Measuring Surface Water Topography in the Mississippi Delta, Louisiana, Using Airborne Ka-Band Radar Interferometry

AirSWOT is an airborne Ka-band radar operated by the NASA Jet Propulsion Laboratory/California Institute of Technology. It was designed to be a calibration and validation instrument for the forthcoming Surface Water and Ocean Topography (SWOT) mission, and is capable of both single-pass cross-track and along-track interferometry, allowing it to measure surface water elevation. During a multiple day campaign in May 2015, AirSWOT collected data in the Mississippi Delta, Louisiana area, covering the Wax Lake and Atchafalaya River deltas. To obtain accurate measurements of water surface elevation, the data is calibrated to compensate for aircraft motion and radar hardware artefacts. A time-varying interferometric phase drift is estimated for each flight line. The phase drift is estimated using the radar elevation measurements over the imaged region compared to in situ water level stations, other overlapping images, and by flattening the water surface with respect to the assumed geoid over the ocean. We have produced water surface elevation maps for the data collected during three different days using a standardized data processing flow, demonstrating the repeatability and robustness of this new measurement technology and methodology.

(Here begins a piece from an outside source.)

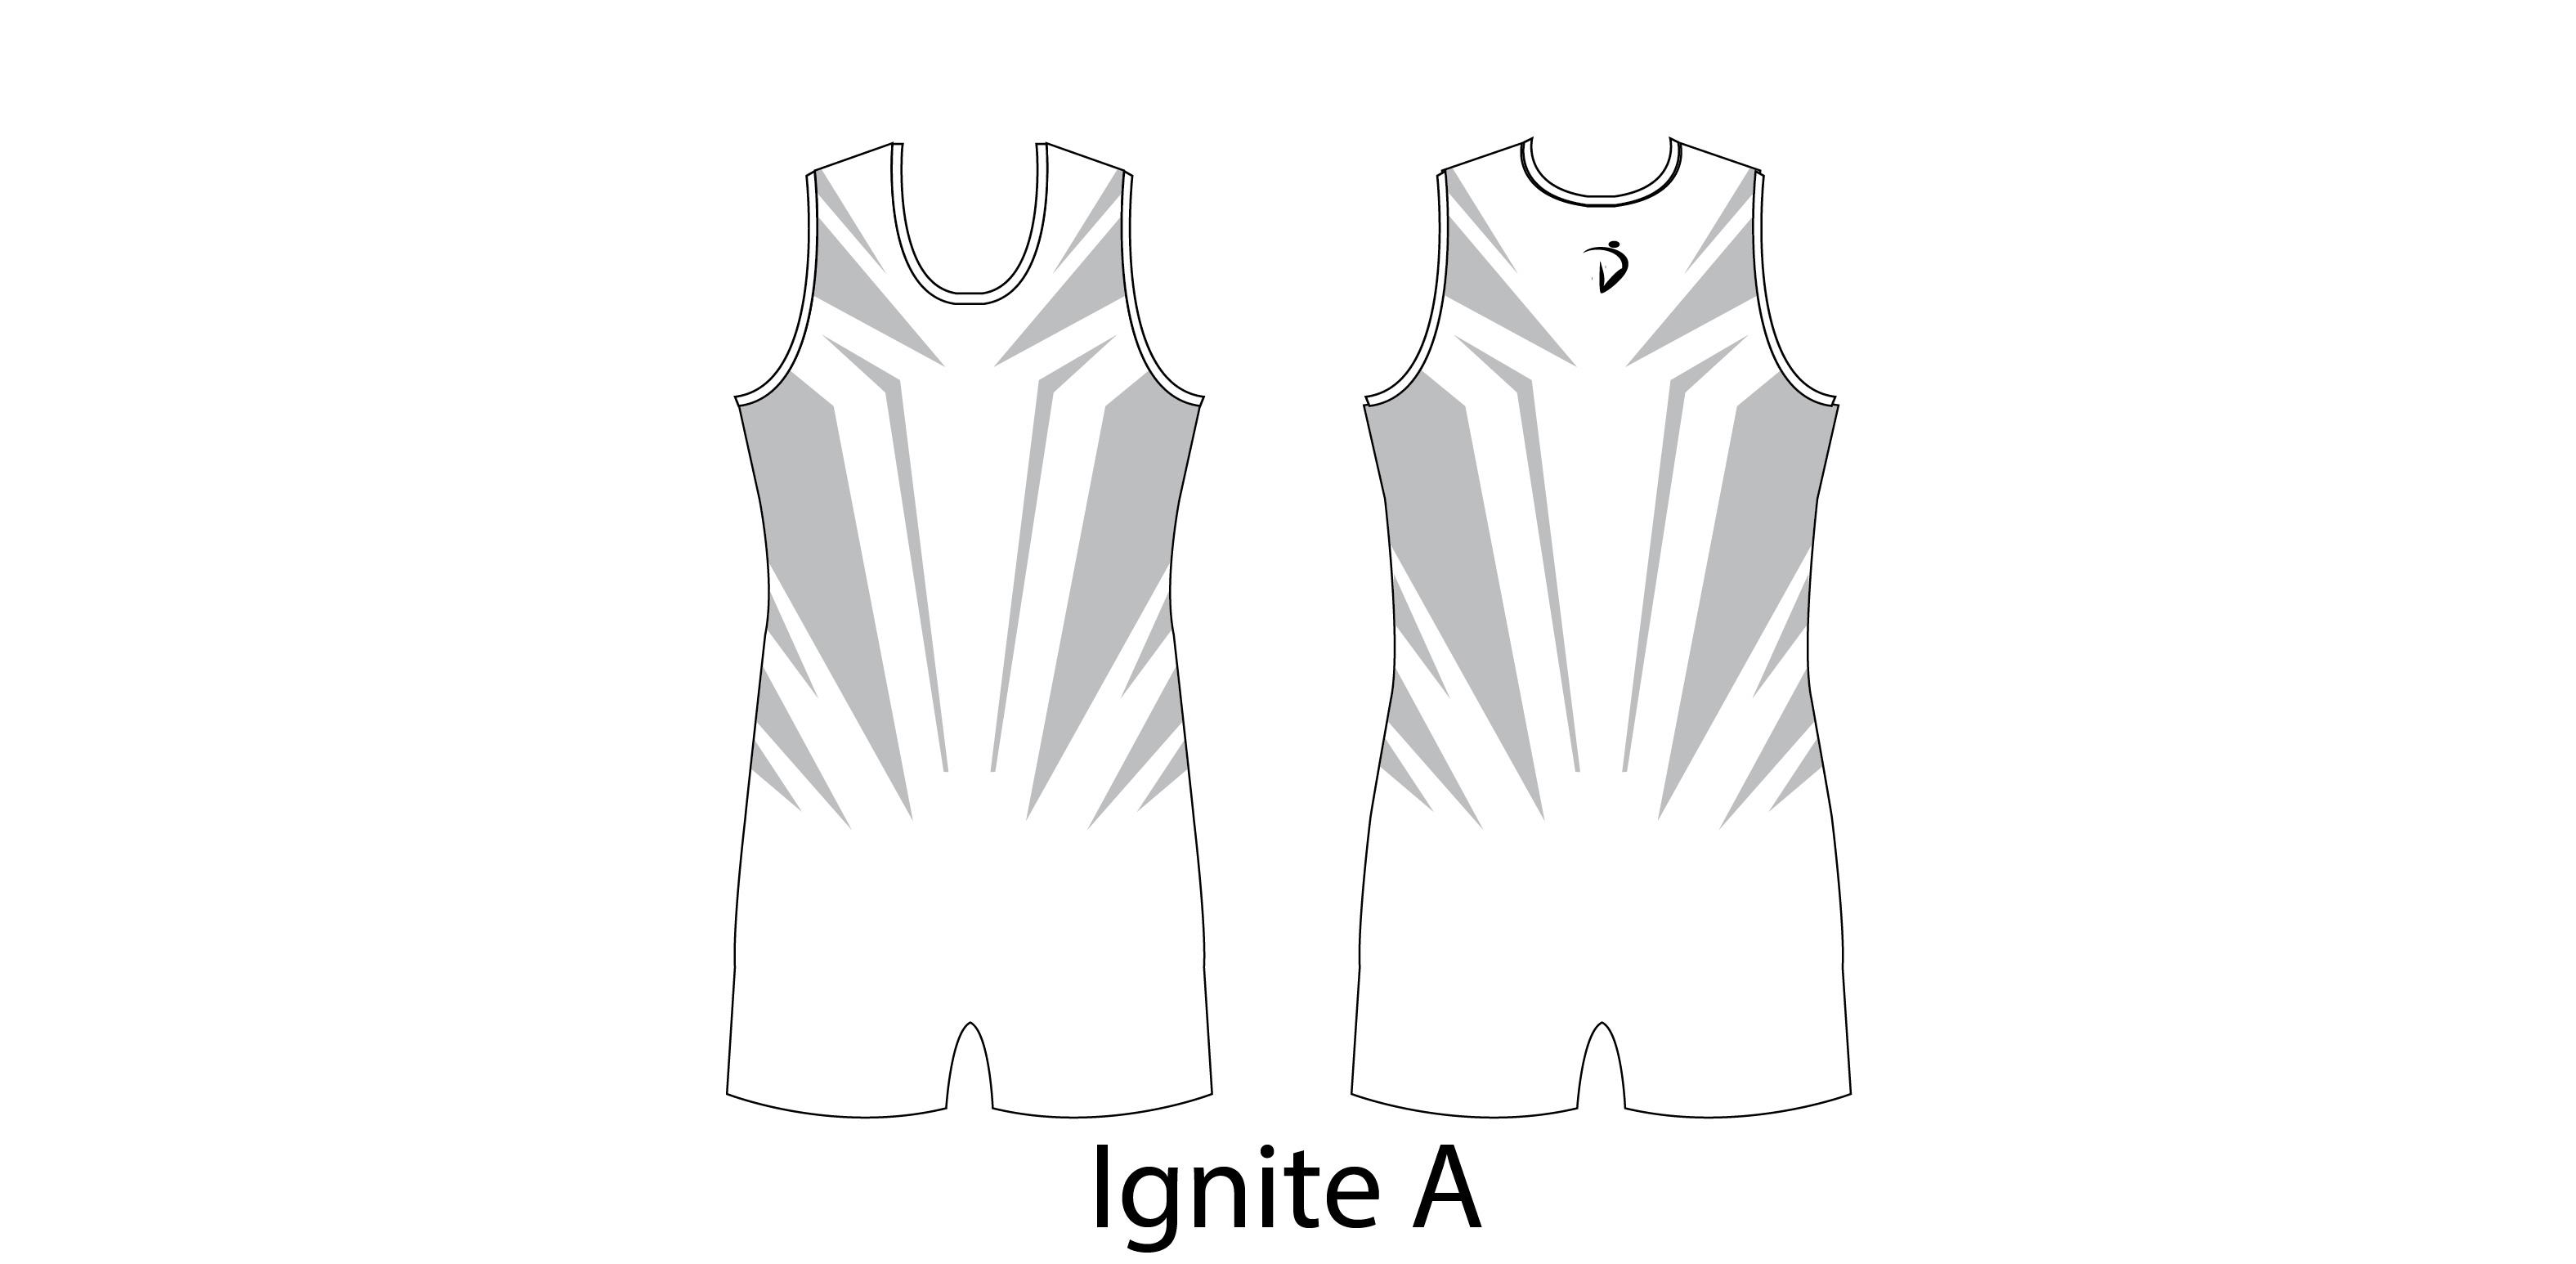 Ignite A

The resulting AirSWOT data provide maps of water surface elevation, revealing its surface topography at a spatial resolution of 3.6 m, and covering over 2500 square kilometers. The water surface elevation measurements were validated using in situ data from water level stations spread across the study area (which were excluded from the calibration procedure). The AirSWOT data was also used to estimate the water surface slope along the Wax Lake Outlet, yielding results within 10% of in situ measurements on all three days of the campaign. While SWOT data acquisition frequency will not provide fast-repeat measurements of elevation in these highly dynamic coastal systems, AirSWOT enables characterization of water surface dynamics at the time scale of tides. We plan to use this novel, spatially explicit measurement of water surface topography to constrain hydrodynamic models in rivers and deltas.